== Extracted data

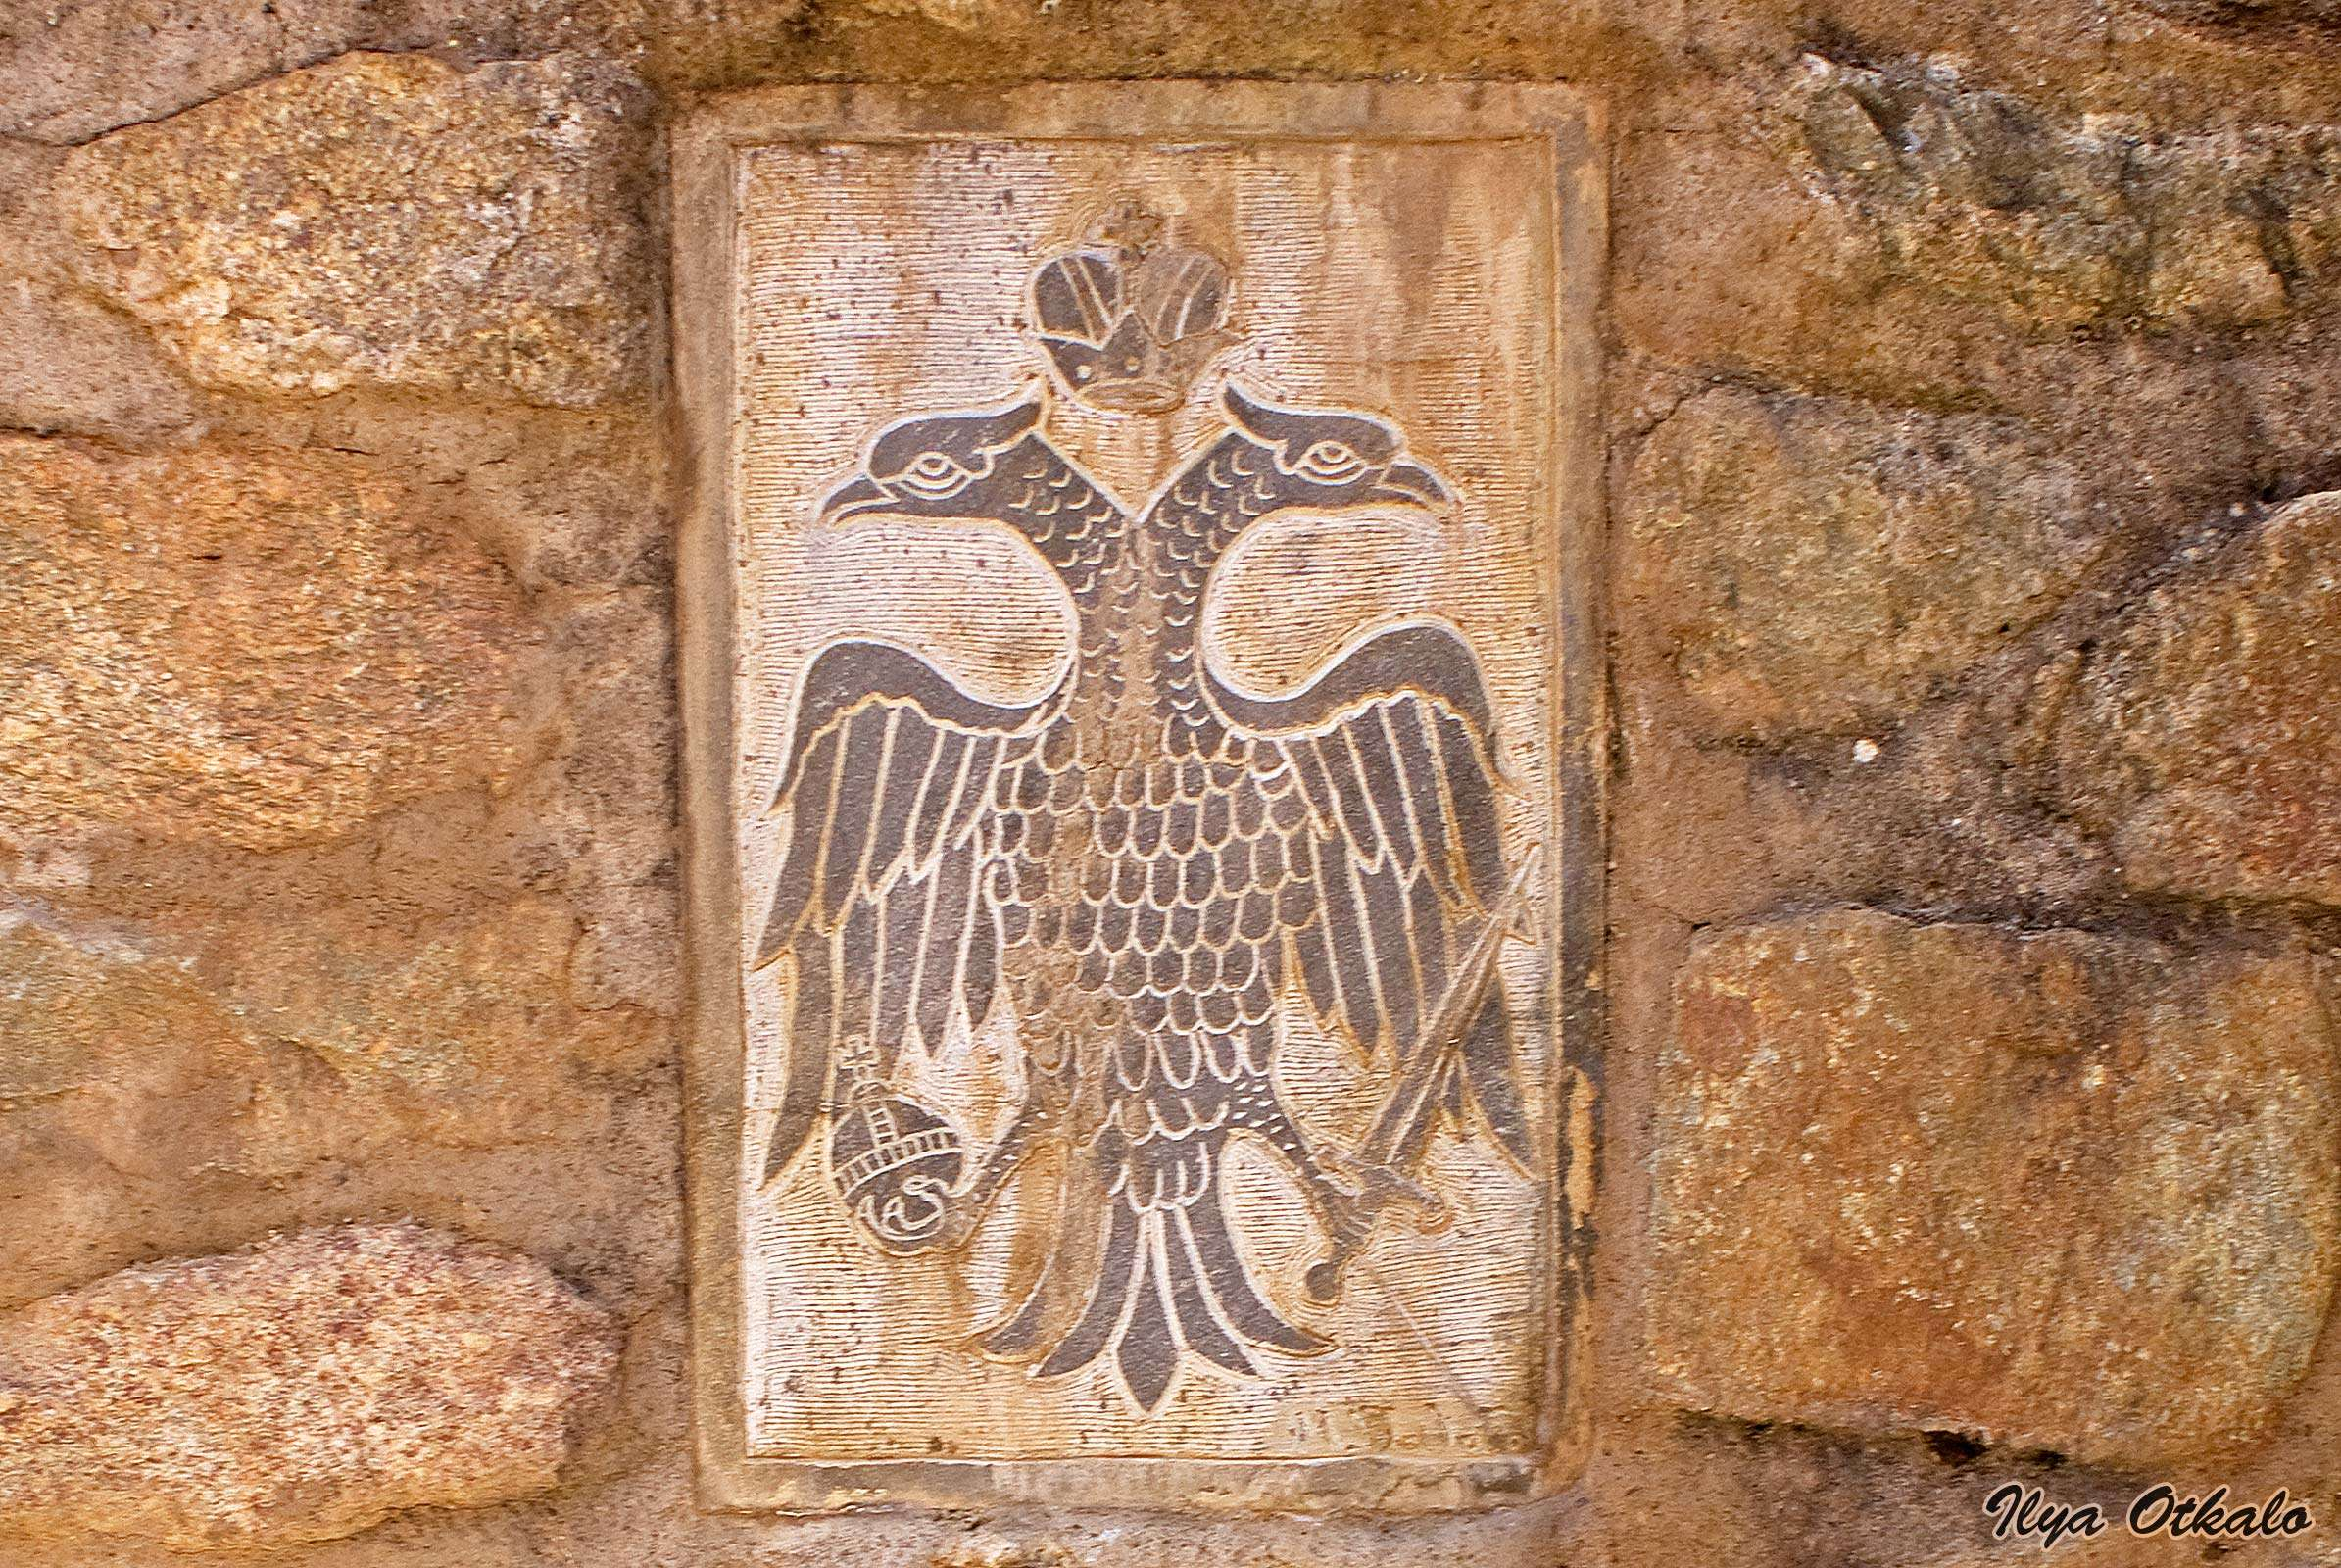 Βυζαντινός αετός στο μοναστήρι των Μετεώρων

====
== Extracted data

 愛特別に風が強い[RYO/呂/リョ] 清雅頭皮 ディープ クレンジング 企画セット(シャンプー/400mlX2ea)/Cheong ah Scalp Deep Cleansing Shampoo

====
== Extracted data

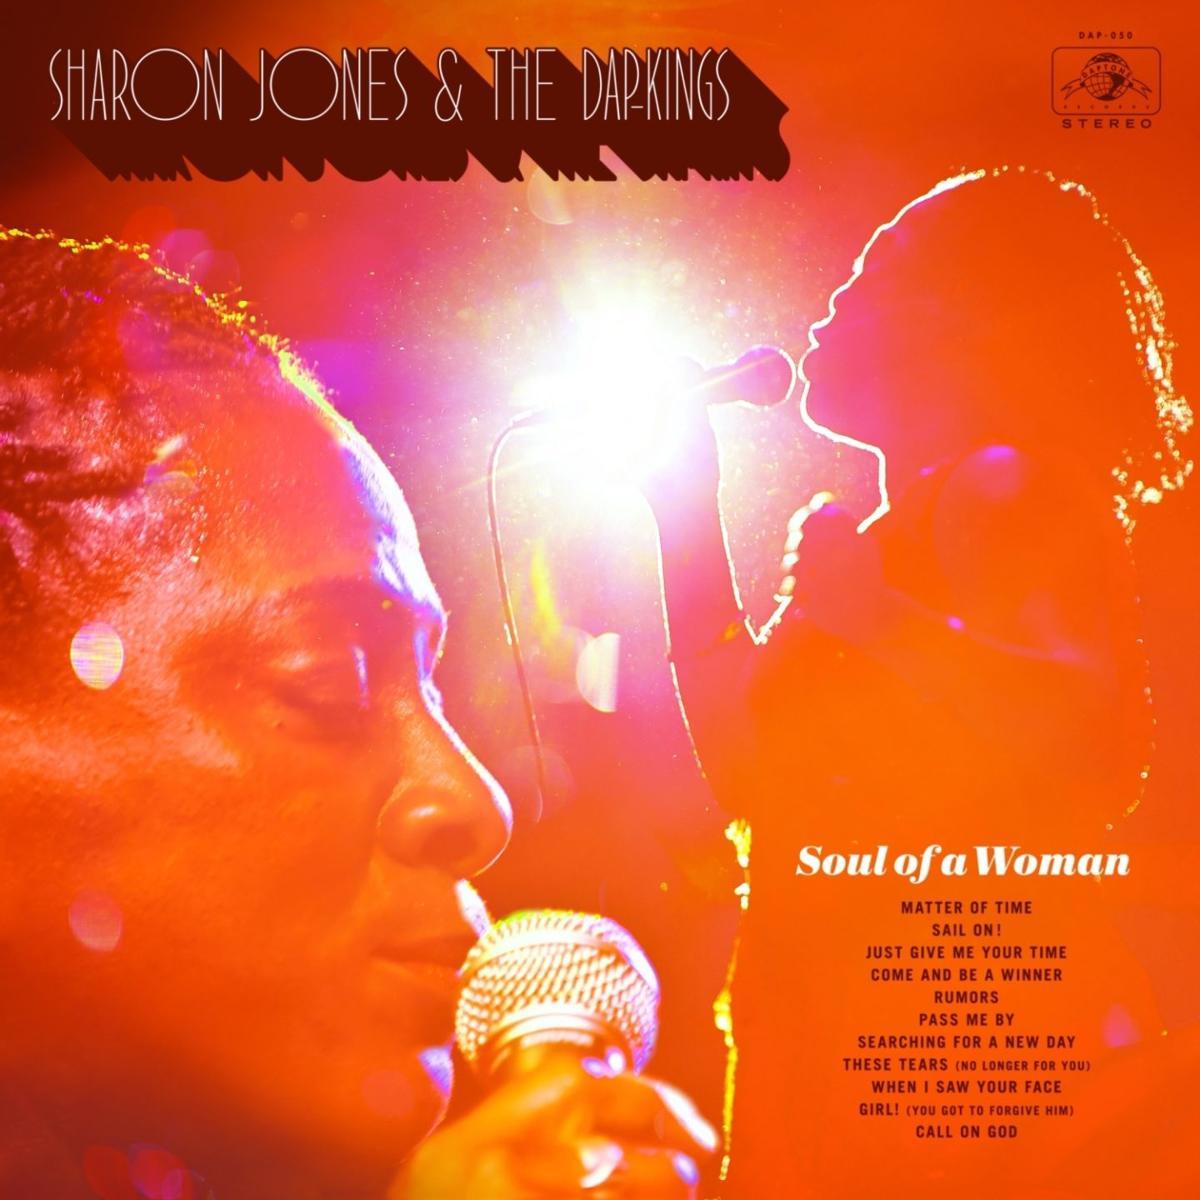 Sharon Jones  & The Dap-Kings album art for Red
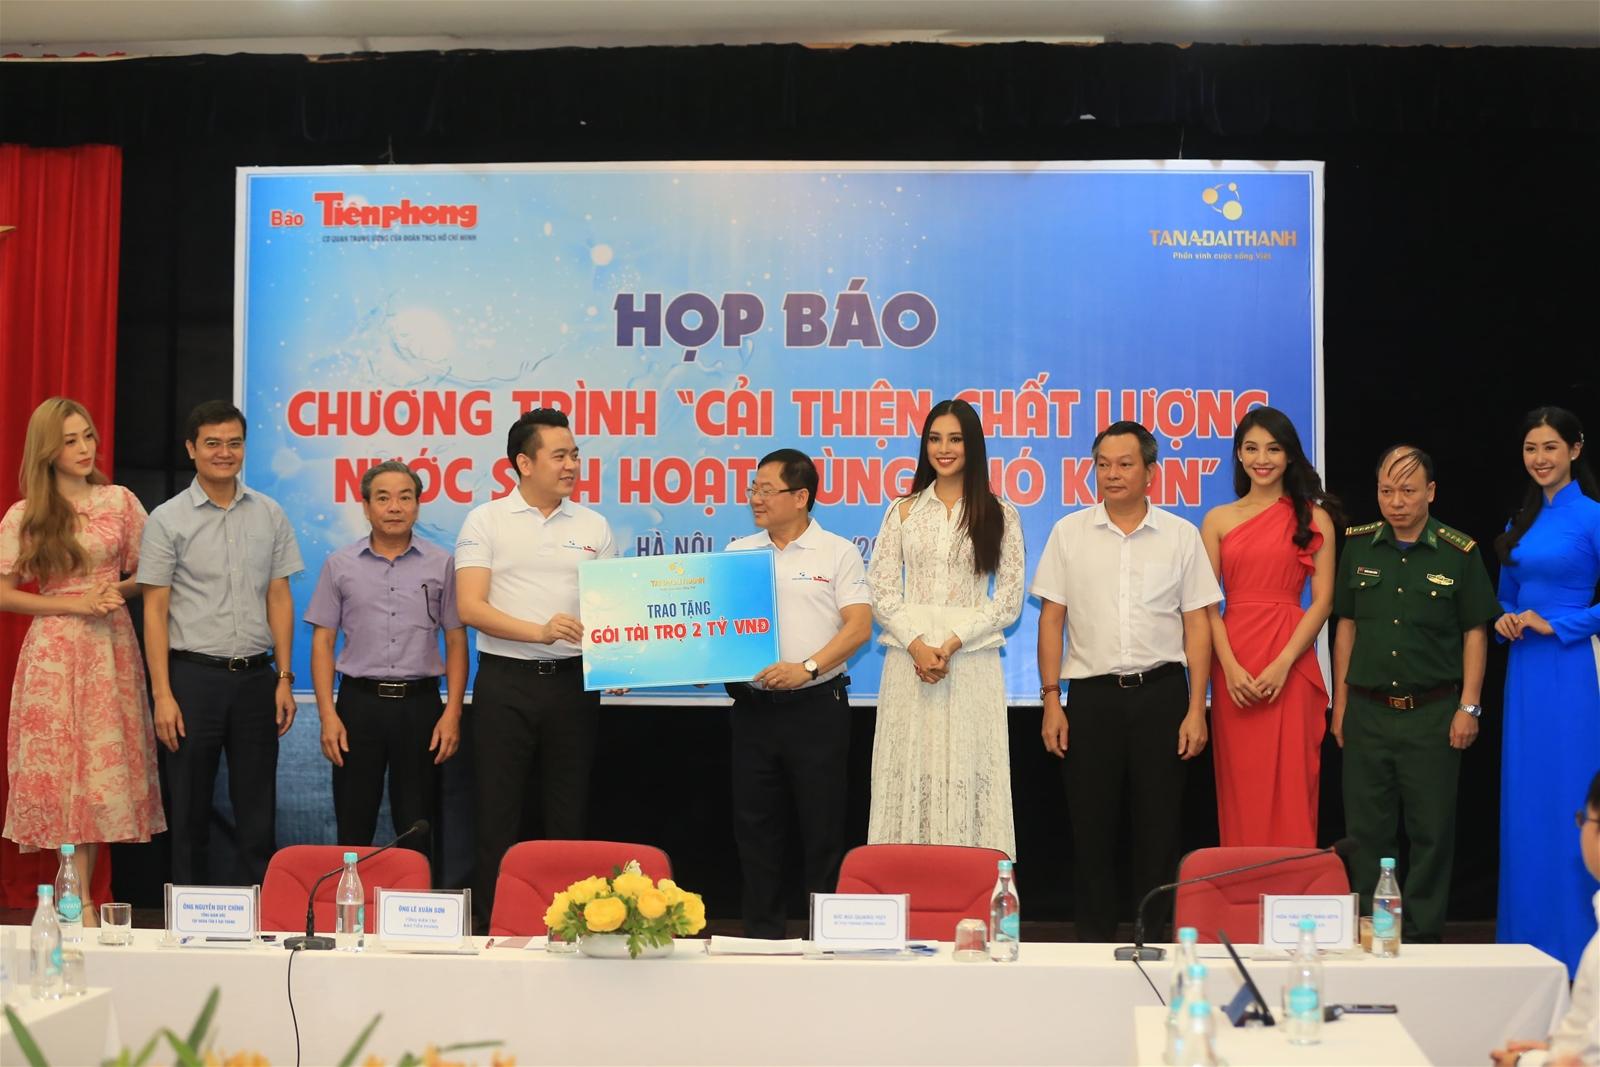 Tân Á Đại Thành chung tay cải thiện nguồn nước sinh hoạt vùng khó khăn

====

» What is expected:
Write out exactly the run of lines above that starts at the line containing "art for Red" and ends at the line containing "Tân Á Đại Thành". Include both, and leave the pictures out.

» Written answer:
 Sharon Jones  & The Dap-Kings album art for Red
 Tân Á Đại Thành chung tay cải thiện nguồn nước sinh hoạt vùng khó khăn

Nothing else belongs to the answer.